It may not be clear in the pics, but the top glue up is 3 pieces, 1 about 1 1/16" wide in the center where the dado is, and one on each side about 2 3/8" wide at their widest points.

Dan


----------



## bentwood (Jan 26, 2012)

My guess would be that the material was under stress because it came from a place on the tree where there was a crotch or other grain change. When you resawed it the apossing stress was relieved along with cut off piece. I rarly use water based materials with figured walnut. For stability oil rubbed on all sides is best on figured material.


----------



## TylerJones (Dec 4, 2011)

The resawing was the culprit. Anytime you resaw you need to sticker the wood for a week or so and then flatten and join. The moisture content on the inside of the board was different than the outside. A small kiln could speed this process and is what high end professional shops use.


----------



## MNsawyergp (Jan 31, 2012)

Here is the old technical lesson on panel glueing we were taught in woodshop back in the old days. Look at the end grain of each board to be glued into the panel. Most of the boards wil show a curve to the end grain. Every other board has the curve going the same way...so curve up, curve down, curve up, curve down...across the panel. This process evens out the stresses as the boards expand and contract with humidity changes. If you have a series of boards glued with the curve going the same direction, they will cup or "warp". Not much help for you now, but look at the end grain and see if it is going all one direction. Your wood can be bone dry and have dried for 100 years, but it can still cup if you don't glue it up properly. It is due to humidity differences to each surface. The amount of finish you apply to each side affects this a lot. I see it all the time on trim for houses like baseboard and crown molding. The painters varnish the front and leave the back unfinished. It lays on the jobsite until the finish carpenter comes and by then the back has swelled and none of the pieces are flat anymore...talk about a nightmare!


----------



## TylerJones (Dec 4, 2011)

Over the years the old rule of alternating grain has been found to be largely untrue. Once your lumber has dried to 6% then allowed to rest in a space, as long as your joints are perfectly square your panel shouldn't cup or twist. If it does the alternating method probably wouldn't have stopped it.


----------



## Dominick (May 2, 2011)

TylerJones said:


> Over the years the old rule of alternating grain has been found to be largely untrue. Once your lumber has dried to 6% then allowed to rest in a space, as long as your joints are perfectly square your panel shouldn't cup or twist. If it does the alternating method probably wouldn't have stopped it.

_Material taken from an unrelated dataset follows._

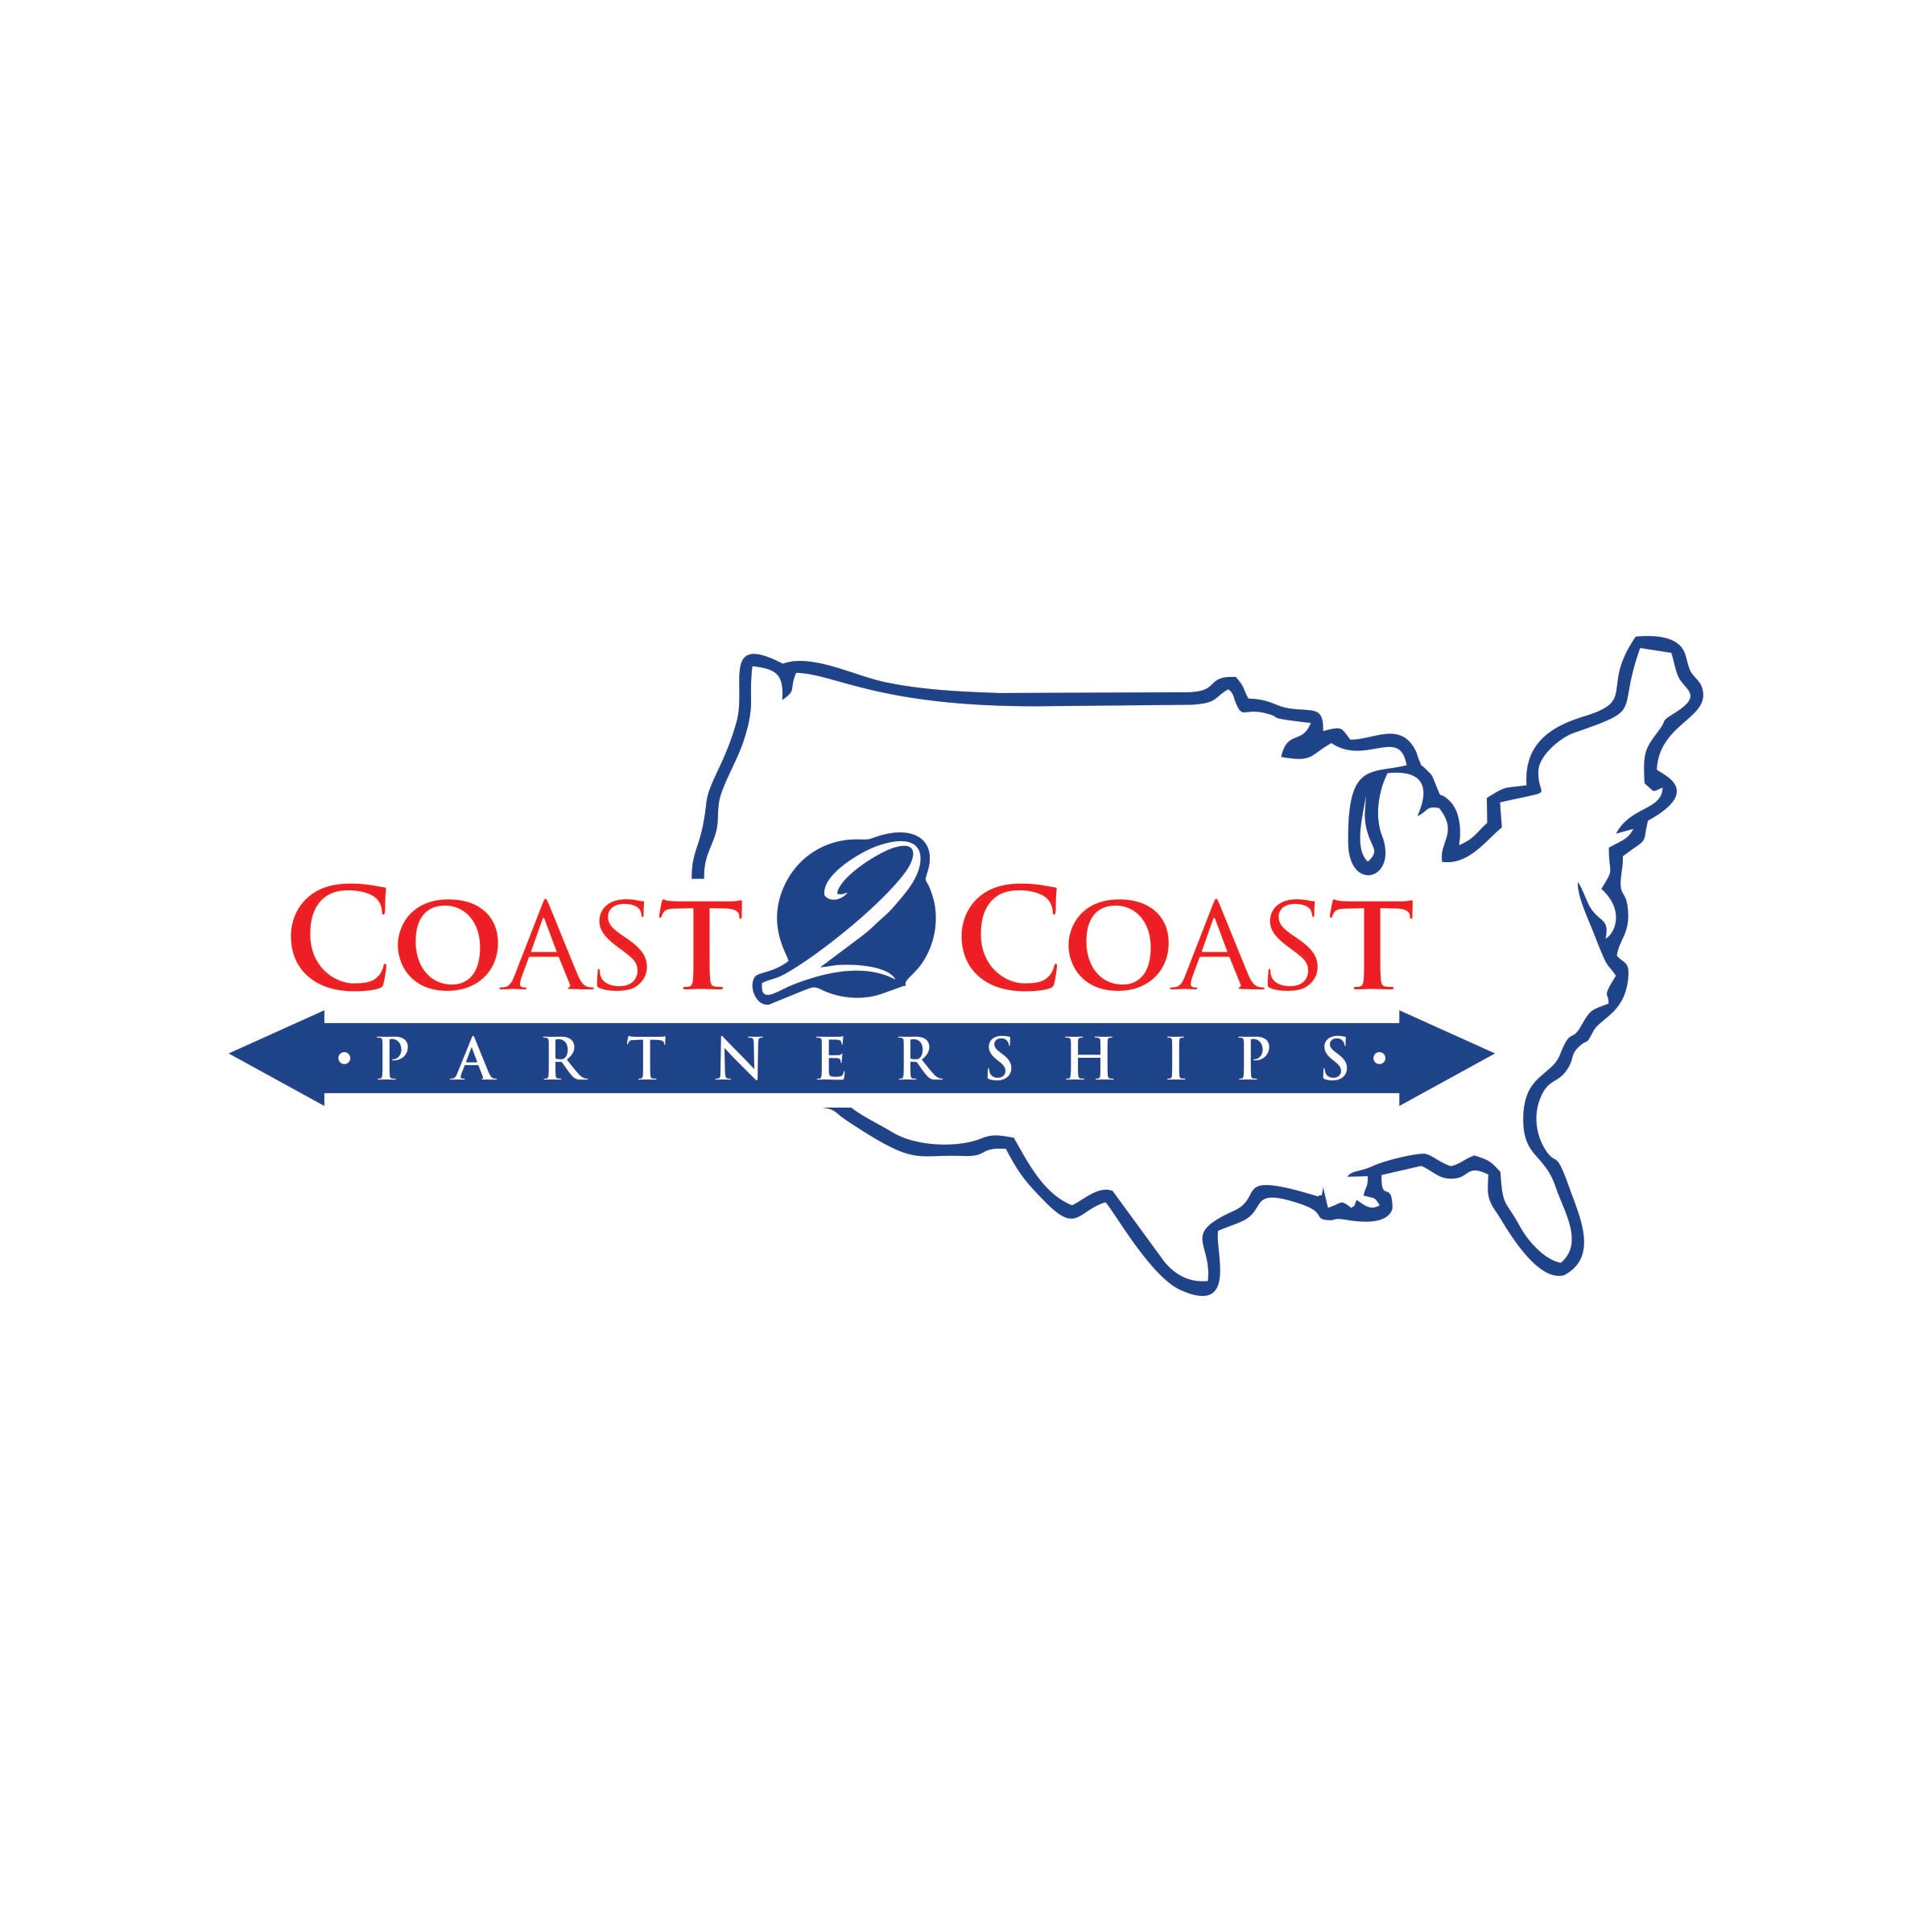 Coast 2 Coast Partnerships LLC

+1 agree. That's what I've read. Built my dining table walnut 3/4 x11"x 7' I didn't alternate the end grain.chose the best side, Built it about 3 years ago & no cupping. 
Maybe I got lucky.


----------



## Steve Neul (Sep 2, 2011)

I think the culprit was probably the water based poly. Warpage is usually caused by the moisture content of the wood being greater on one side than the other. If you got a little more on one side it would cause that side of the wood to swell making it warp. You can probably straighten it out by steaming the cup side but do it a little at a time or you might reverse the warp.


----------



## sawdustfactory (Jan 30, 2011)

> Once your lumber has dried to 6% then allowed to rest in a space


Here in the Pacific NW, our wood never even gets close to 6% :blink:
BTW, nice looking box.


----------



## TylerJones (Dec 4, 2011)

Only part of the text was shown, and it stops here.